= Sumitra Sen =

Indian Bengali singer (1933–2023)

Sumitra Sen (7 March 1933 – 3 January 2023) was an Indian Bengali singer and an exponent of Rabindra Sangeet. Her rendition style popularised Tagore's songs without losing the original notations.

== Career ==
Sen started her singing career in 1951 with two Nazrulgeetis, 'Gother rakhal bole de re' and 'Bedonar bedi tole'. Her famous songs include one with Pratima Banerjee, 'Aamtalay jhamur jhumur'. She also sang folk songs. But she is known for her Rabindra Sangeet renditions, which carved a niche for her. She recorded over 150 Tagore songs. She also lent her voice to popular stage productions like Shyama, Shaapmochon, Balmiki Pratibha, and Barshamangal, as well as to 16 movies in Tollywood. Her rendition of 'Mago tobo bine sangeeto premo lalito' for Pankaj Mullick's 'Mahisashuramardini' created history said Jayati Chakraborty, another well-known Bengali singer in an obit in Times of India.
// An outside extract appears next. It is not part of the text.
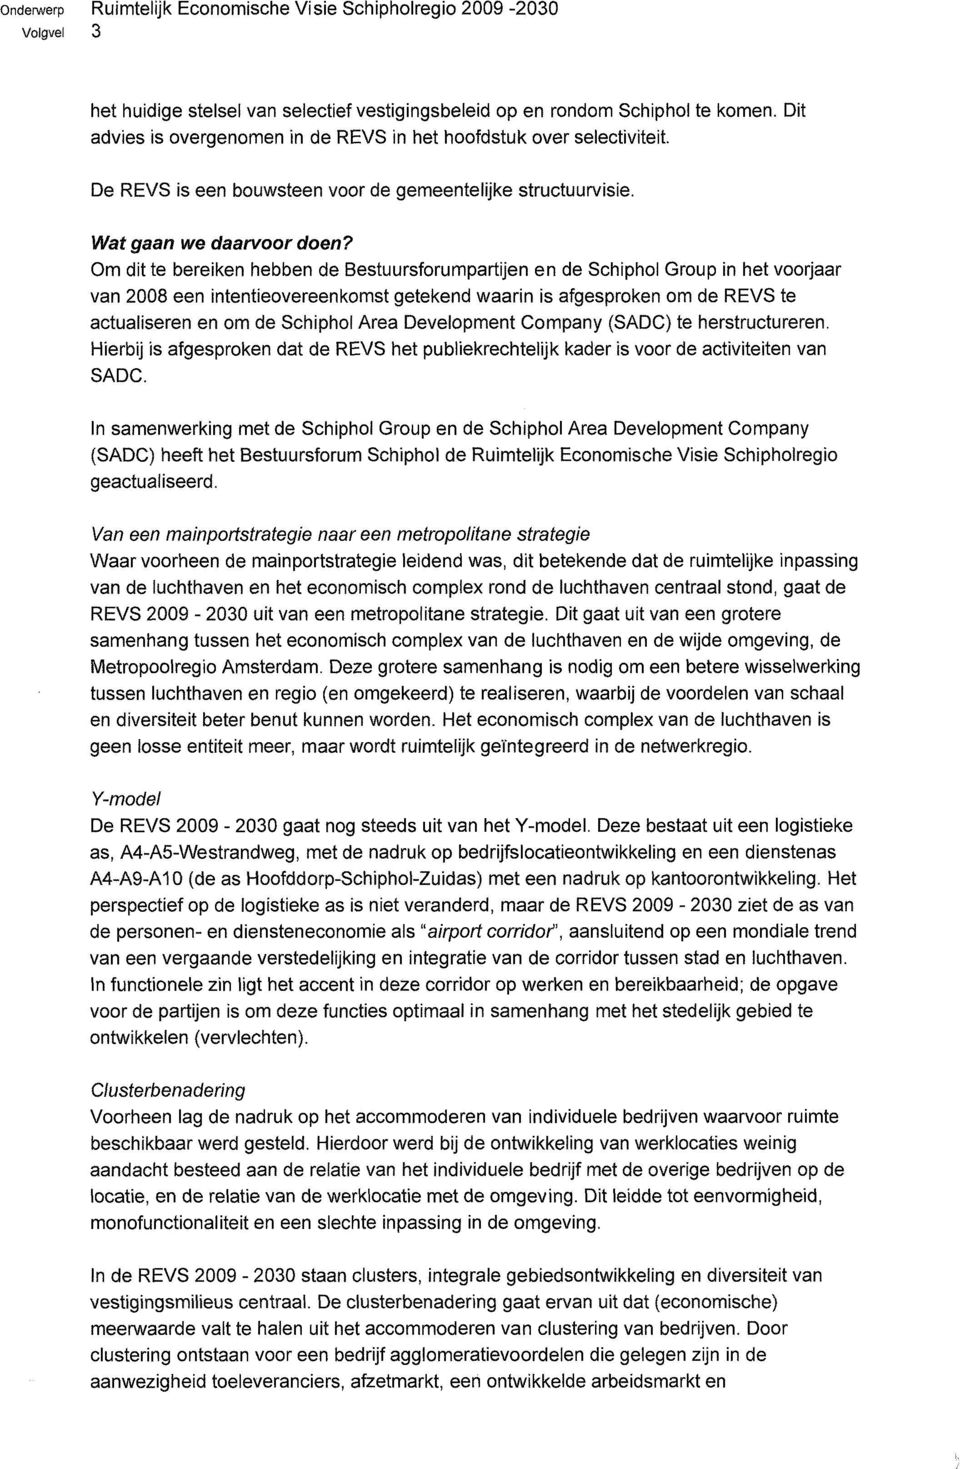 Om dit te bereiken hebben de Bestuursforumpartijen en de Schiphol Group in het voorjaar van 2008 een intentieovereenkomst getekend waarin is afgesproken om de REVS te actualiseren en om de Schiphol

She was associated with institutes of eminence related to Tagore like the Rabindra Bharati University and many others.

== Death and legacy ==
Sen died at her Ballygunge home on 3 January 2023, at the age of 89. She was survived by her two daughters, Indrani and Sraboni, who are also well-known Bengali singers. At the time of her death she had been suffering from broncho-pneumonia issues for some time. She had many students and followers. West Bengal Chief Minister Mamata Banerjee expressed condolences to the bereaved family.

== Awards ==
- Sen was awarded Sangeet Mahasamman by West Bengal government in 2012.
- Sangeet Natak Academy award for lifetime contribution.

== Book ==
Smritisudhaay. (2016) Memoirs of Sumitra Sen.